▶ **GIVEN INFORMATION**:
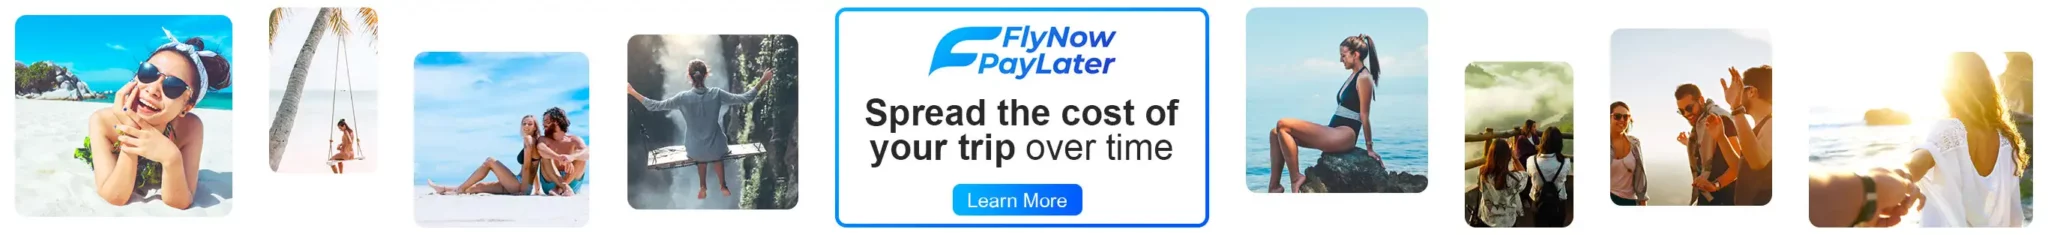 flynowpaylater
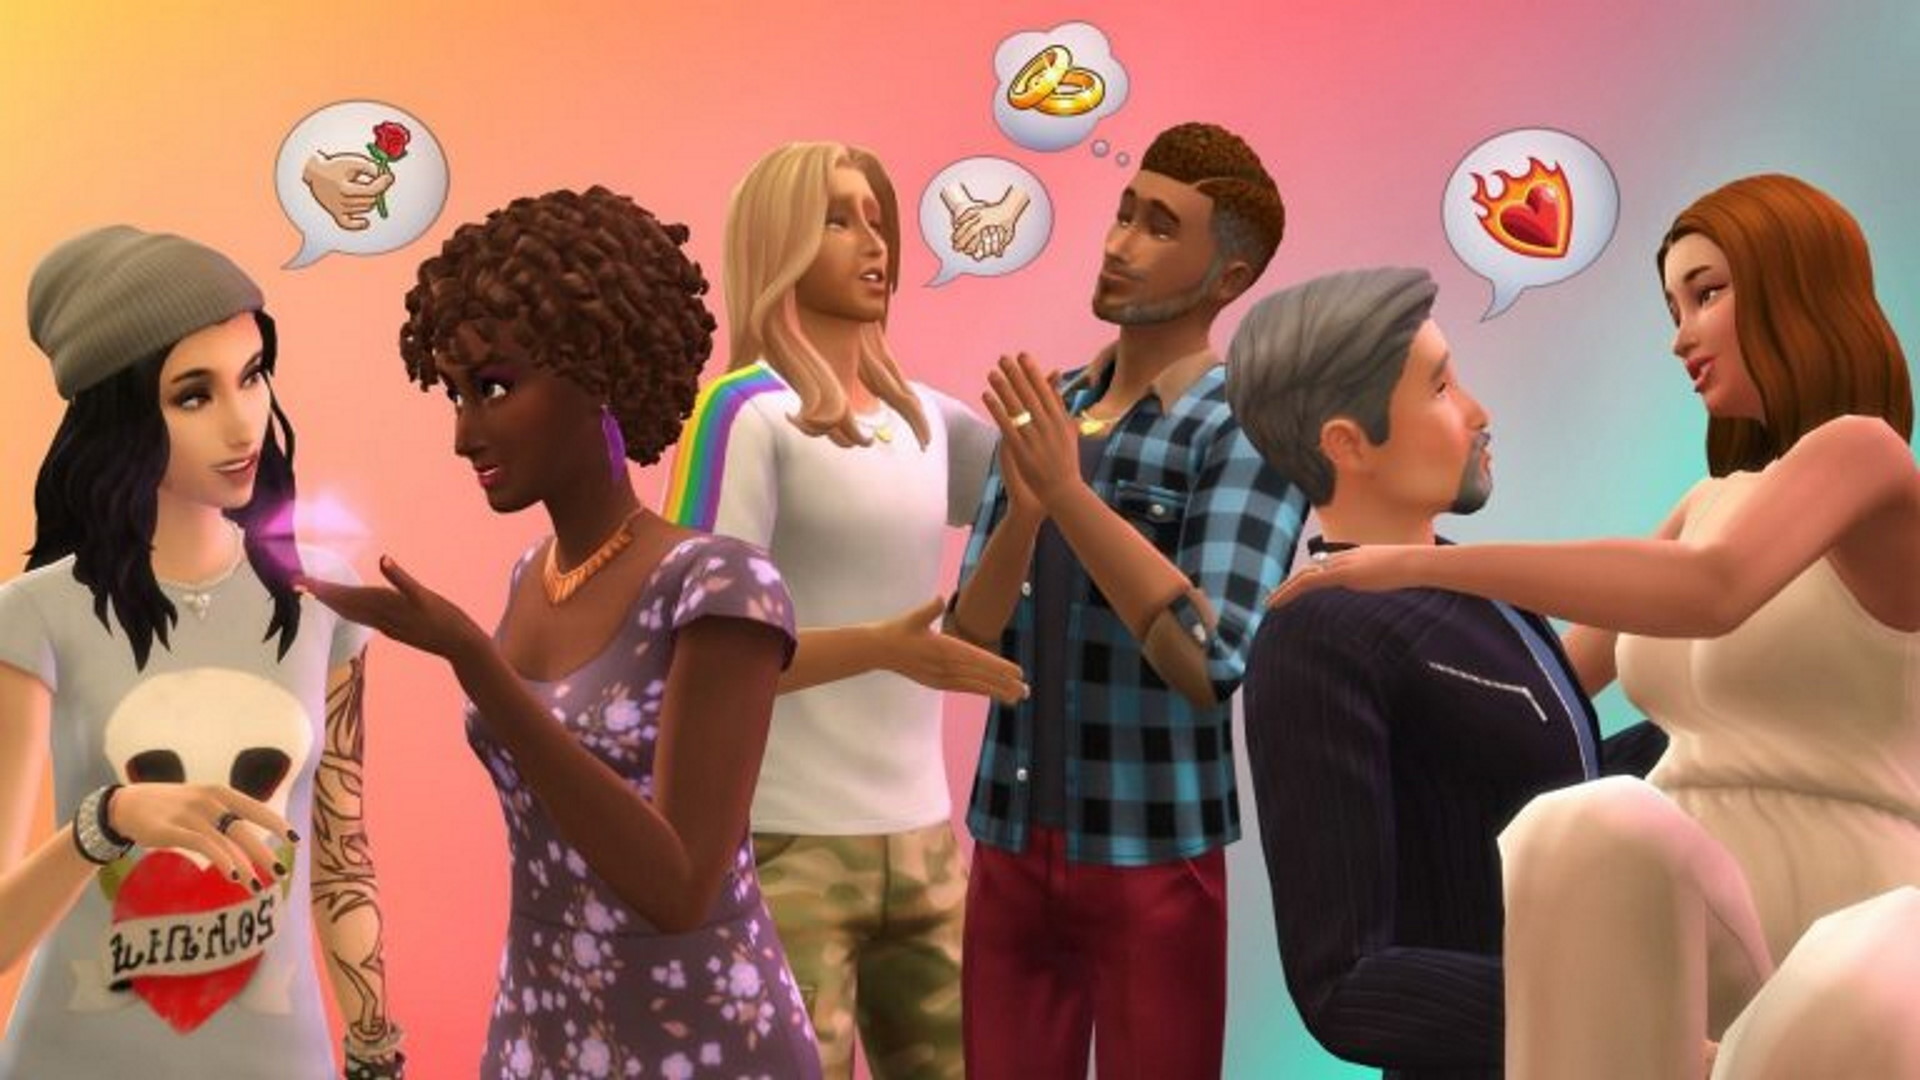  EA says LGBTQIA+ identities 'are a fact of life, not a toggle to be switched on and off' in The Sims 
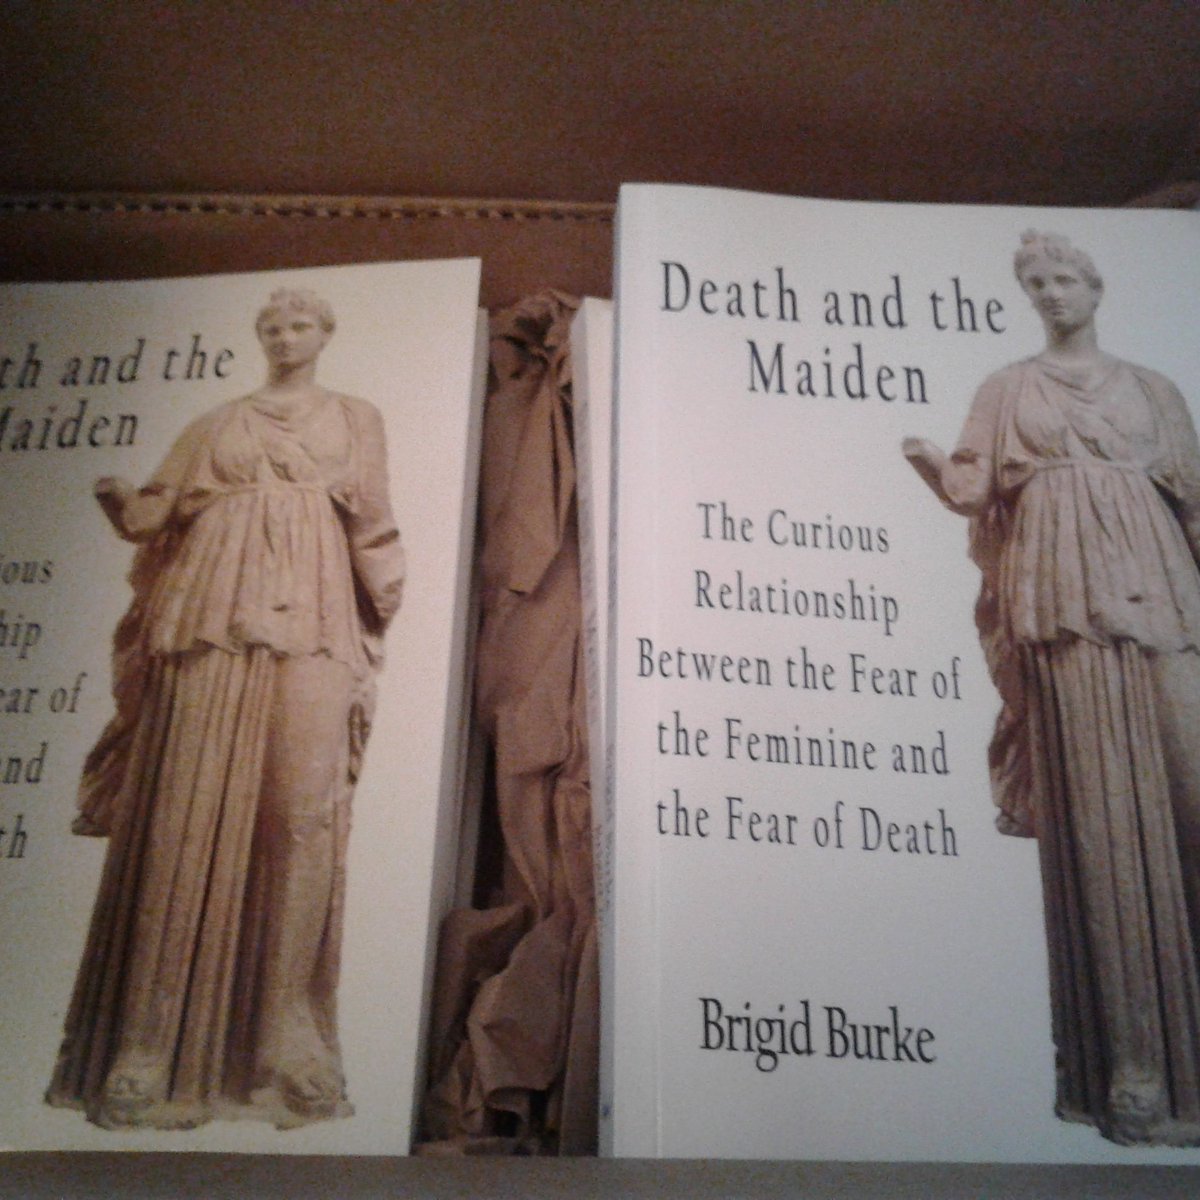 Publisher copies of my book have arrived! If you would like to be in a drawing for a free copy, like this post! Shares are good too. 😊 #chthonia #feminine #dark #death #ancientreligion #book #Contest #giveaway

▶ **WHAT THIS TASK INVOLVES**: Starting at the line that contains "EA says LGBTQIA+" and ending with the last line of the data, transcribe every line exactly; skip the pictures.

▶ **TASK ANSWER**:
  EA says LGBTQIA+ identities 'are a fact of life, not a toggle to be switched on and off' in The Sims 
 Publisher copies of my book have arrived! If you would like to be in a drawing for a free copy, like this post! Shares are good too. 😊 #chthonia #feminine #dark #death #ancientreligion #book #Contest #giveaway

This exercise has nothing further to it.